[[ INPUT MATERIAL open ]]

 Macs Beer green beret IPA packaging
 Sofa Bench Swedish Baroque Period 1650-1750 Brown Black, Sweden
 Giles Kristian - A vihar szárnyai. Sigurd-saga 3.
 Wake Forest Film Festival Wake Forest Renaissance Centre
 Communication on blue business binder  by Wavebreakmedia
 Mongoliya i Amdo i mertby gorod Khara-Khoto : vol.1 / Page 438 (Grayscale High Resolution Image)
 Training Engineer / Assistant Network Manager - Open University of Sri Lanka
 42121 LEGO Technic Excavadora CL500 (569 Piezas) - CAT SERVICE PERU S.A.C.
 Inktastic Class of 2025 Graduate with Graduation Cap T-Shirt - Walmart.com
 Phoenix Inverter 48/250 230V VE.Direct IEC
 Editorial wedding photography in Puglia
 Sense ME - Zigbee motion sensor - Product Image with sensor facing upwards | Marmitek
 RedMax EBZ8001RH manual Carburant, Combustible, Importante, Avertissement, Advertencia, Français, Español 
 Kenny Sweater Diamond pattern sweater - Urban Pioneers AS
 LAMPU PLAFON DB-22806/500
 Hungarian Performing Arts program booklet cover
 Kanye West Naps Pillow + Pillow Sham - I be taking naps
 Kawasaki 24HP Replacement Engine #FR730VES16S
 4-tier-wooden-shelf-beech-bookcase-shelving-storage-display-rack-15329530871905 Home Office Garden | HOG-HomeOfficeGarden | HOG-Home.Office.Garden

[[ INPUT MATERIAL closed ]]

> **INSTRUCTIONS TO FOLLOW**
Return, from the data above, each line in which the string "with" appears.

> **EXPECTED OUTPUT**
 Inktastic Class of 2025 Graduate with Graduation Cap T-Shirt - Walmart.com
 Sense ME - Zigbee motion sensor - Product Image with sensor facing upwards | Marmitek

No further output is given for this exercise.